(Beginning of DATA)

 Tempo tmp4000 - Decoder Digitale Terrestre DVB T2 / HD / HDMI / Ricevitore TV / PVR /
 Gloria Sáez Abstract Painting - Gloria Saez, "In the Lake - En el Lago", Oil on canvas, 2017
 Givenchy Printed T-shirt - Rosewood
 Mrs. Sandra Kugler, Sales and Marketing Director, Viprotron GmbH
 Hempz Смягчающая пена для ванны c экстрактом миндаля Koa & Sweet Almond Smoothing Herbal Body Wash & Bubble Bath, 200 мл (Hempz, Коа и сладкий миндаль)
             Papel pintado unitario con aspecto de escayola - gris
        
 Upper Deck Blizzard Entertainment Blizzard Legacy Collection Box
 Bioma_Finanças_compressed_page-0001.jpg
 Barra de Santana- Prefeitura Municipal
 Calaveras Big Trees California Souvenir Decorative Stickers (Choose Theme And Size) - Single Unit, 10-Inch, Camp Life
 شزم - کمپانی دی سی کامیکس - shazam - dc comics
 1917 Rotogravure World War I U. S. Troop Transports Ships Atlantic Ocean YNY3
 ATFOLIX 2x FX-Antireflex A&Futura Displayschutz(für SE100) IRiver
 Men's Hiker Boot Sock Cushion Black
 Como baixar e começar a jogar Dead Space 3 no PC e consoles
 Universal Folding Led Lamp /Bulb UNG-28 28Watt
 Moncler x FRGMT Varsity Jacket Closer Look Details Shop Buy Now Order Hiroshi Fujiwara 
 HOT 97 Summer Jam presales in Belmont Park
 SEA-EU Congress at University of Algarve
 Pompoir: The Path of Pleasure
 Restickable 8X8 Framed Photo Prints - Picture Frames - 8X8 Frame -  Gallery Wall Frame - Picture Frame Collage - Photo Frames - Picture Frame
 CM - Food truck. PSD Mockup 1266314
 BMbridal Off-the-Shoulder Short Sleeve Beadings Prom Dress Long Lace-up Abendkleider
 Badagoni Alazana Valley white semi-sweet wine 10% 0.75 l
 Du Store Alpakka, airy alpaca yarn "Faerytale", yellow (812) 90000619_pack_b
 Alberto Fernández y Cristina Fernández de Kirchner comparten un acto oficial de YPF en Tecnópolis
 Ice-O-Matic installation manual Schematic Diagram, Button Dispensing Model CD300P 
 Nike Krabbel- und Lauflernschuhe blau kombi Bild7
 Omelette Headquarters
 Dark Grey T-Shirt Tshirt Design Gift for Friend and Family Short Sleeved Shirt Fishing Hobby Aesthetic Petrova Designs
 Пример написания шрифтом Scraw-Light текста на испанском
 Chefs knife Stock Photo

(End of DATA)

- _WHAT IS BEING ASKED_
Repeat the data word for word, leaving out no line.

- _ANSWER_
 Tempo tmp4000 - Decoder Digitale Terrestre DVB T2 / HD / HDMI / Ricevitore TV / PVR /
 Gloria Sáez Abstract Painting - Gloria Saez, "In the Lake - En el Lago", Oil on canvas, 2017
 Givenchy Printed T-shirt - Rosewood
 Mrs. Sandra Kugler, Sales and Marketing Director, Viprotron GmbH
 Hempz Смягчающая пена для ванны c экстрактом миндаля Koa & Sweet Almond Smoothing Herbal Body Wash & Bubble Bath, 200 мл (Hempz, Коа и сладкий миндаль)
             Papel pintado unitario con aspecto de escayola - gris
        
 Upper Deck Blizzard Entertainment Blizzard Legacy Collection Box
 Bioma_Finanças_compressed_page-0001.jpg
 Barra de Santana- Prefeitura Municipal
 Calaveras Big Trees California Souvenir Decorative Stickers (Choose Theme And Size) - Single Unit, 10-Inch, Camp Life
 شزم - کمپانی دی سی کامیکس - shazam - dc comics
 1917 Rotogravure World War I U. S. Troop Transports Ships Atlantic Ocean YNY3
 ATFOLIX 2x FX-Antireflex A&Futura Displayschutz(für SE100) IRiver
 Men's Hiker Boot Sock Cushion Black
 Como baixar e começar a jogar Dead Space 3 no PC e consoles
 Universal Folding Led Lamp /Bulb UNG-28 28Watt
 Moncler x FRGMT Varsity Jacket Closer Look Details Shop Buy Now Order Hiroshi Fujiwara 
 HOT 97 Summer Jam presales in Belmont Park
 SEA-EU Congress at University of Algarve
 Pompoir: The Path of Pleasure
 Restickable 8X8 Framed Photo Prints - Picture Frames - 8X8 Frame -  Gallery Wall Frame - Picture Frame Collage - Photo Frames - Picture Frame
 CM - Food truck. PSD Mockup 1266314
 BMbridal Off-the-Shoulder Short Sleeve Beadings Prom Dress Long Lace-up Abendkleider
 Badagoni Alazana Valley white semi-sweet wine 10% 0.75 l
 Du Store Alpakka, airy alpaca yarn "Faerytale", yellow (812) 90000619_pack_b
 Alberto Fernández y Cristina Fernández de Kirchner comparten un acto oficial de YPF en Tecnópolis
 Ice-O-Matic installation manual Schematic Diagram, Button Dispensing Model CD300P 
 Nike Krabbel- und Lauflernschuhe blau kombi Bild7
 Omelette Headquarters
 Dark Grey T-Shirt Tshirt Design Gift for Friend and Family Short Sleeved Shirt Fishing Hobby Aesthetic Petrova Designs
 Пример написания шрифтом Scraw-Light текста на испанском
 Chefs knife Stock Photo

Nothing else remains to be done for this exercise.